If you want the neoclassical version:

What happens when there is an oligopoly in the supply of labor?

Same answer. Nothing good for the consumers of labor.

(See Medicine)

Technological improvements shift supply curves right which is good for consumers.

In a market with perfect competition, which I specifically ruled out by stating that the suppliers of labor from an oligopoly.

Why would you expect technological improvements to only shift supply curves right under perfect competition? I'd also expect it under oligopoly or even monopoly. You also might think there'd be more tech improvement under oligopoly, on Schumpeterian grounds that oligopolists can internalize the benefits of tech research.

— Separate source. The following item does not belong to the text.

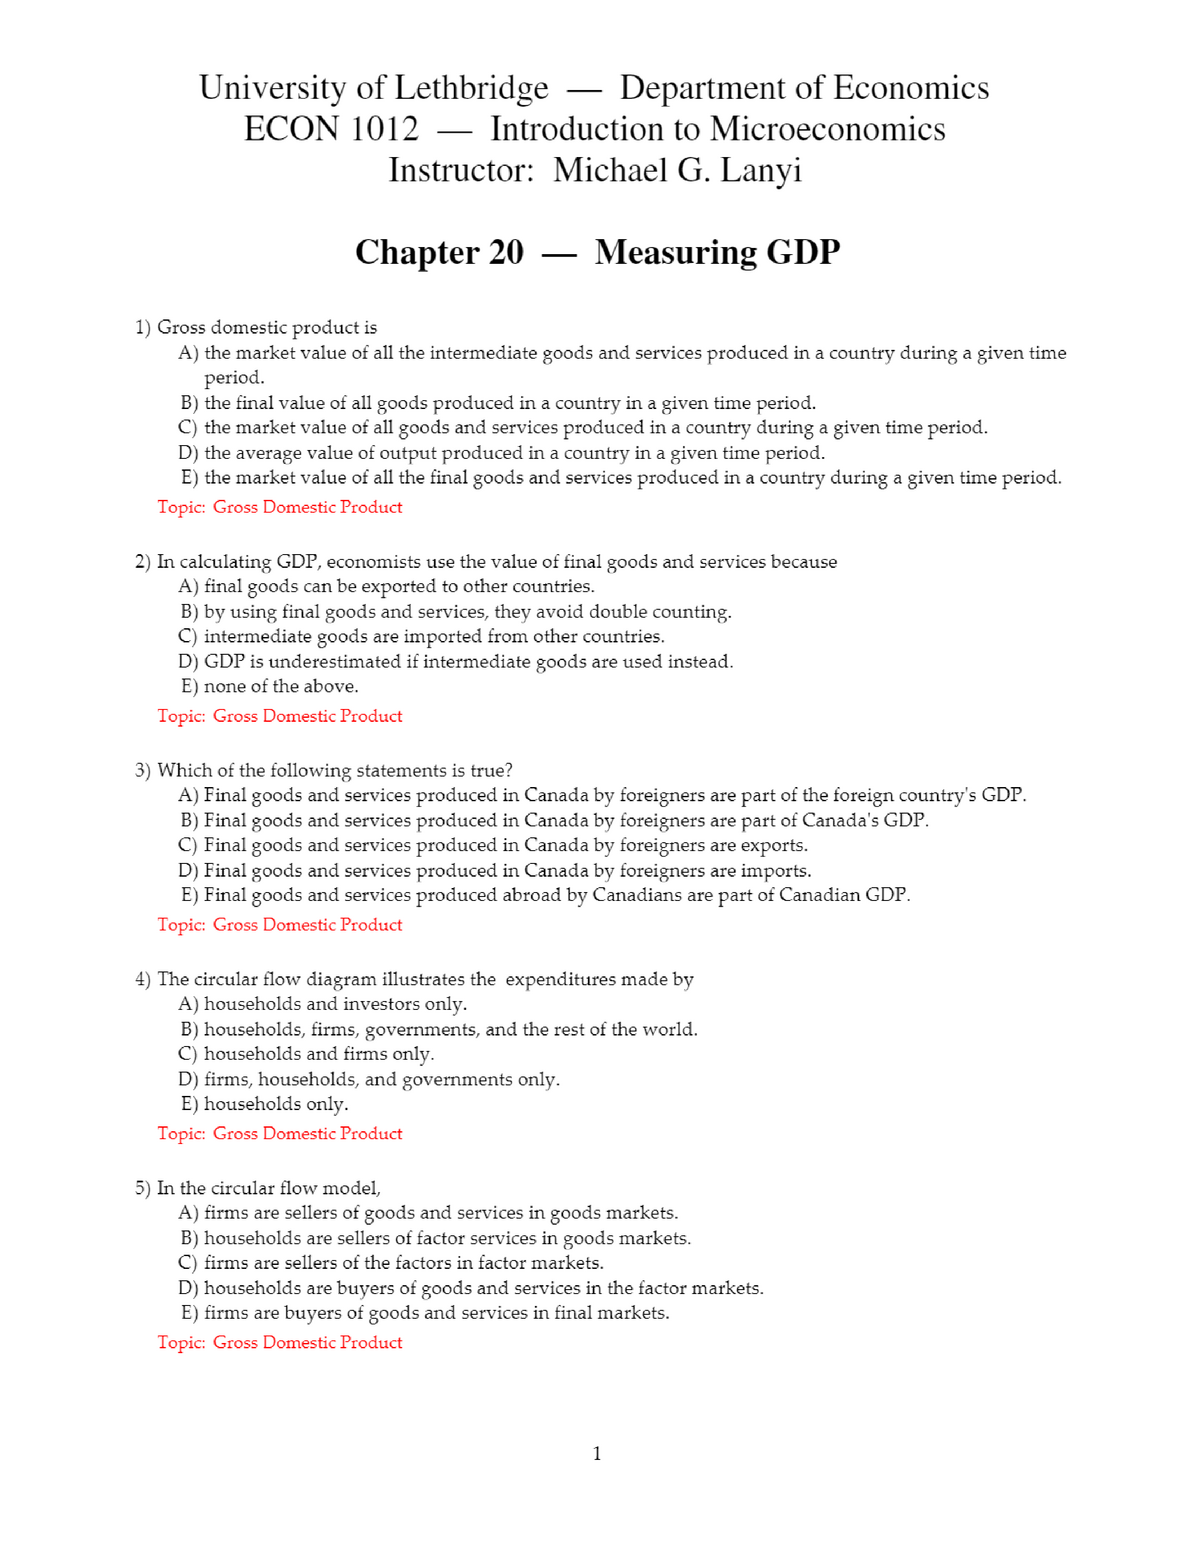 GDP practice questions Introduction to Macroeconomics StuDocu

A monopolist has no reason to decrease price because there is no competition. As we saw with Bell Labas in the US it is entirely possible for a monopoly to both have world class research and burry it for decades, viz. magnetic storage https://gizmodo.com/how-ma-bell-shelved-the-future-for-60-ye...

Oligopolists are in the same boat. But there needs to be a conspiracy to retard innovation. Something tech companies are only too happy to do: https://journals.law.unc.edu/ncjolt/blogs/wage-fixing-scheme...

Technological improvements don't reduce prices as much in a monopoly, but they still do reduce prices to increase profits. Profit is always maximized at MR=MC, in perfect competition, oligopoly, or monopoly.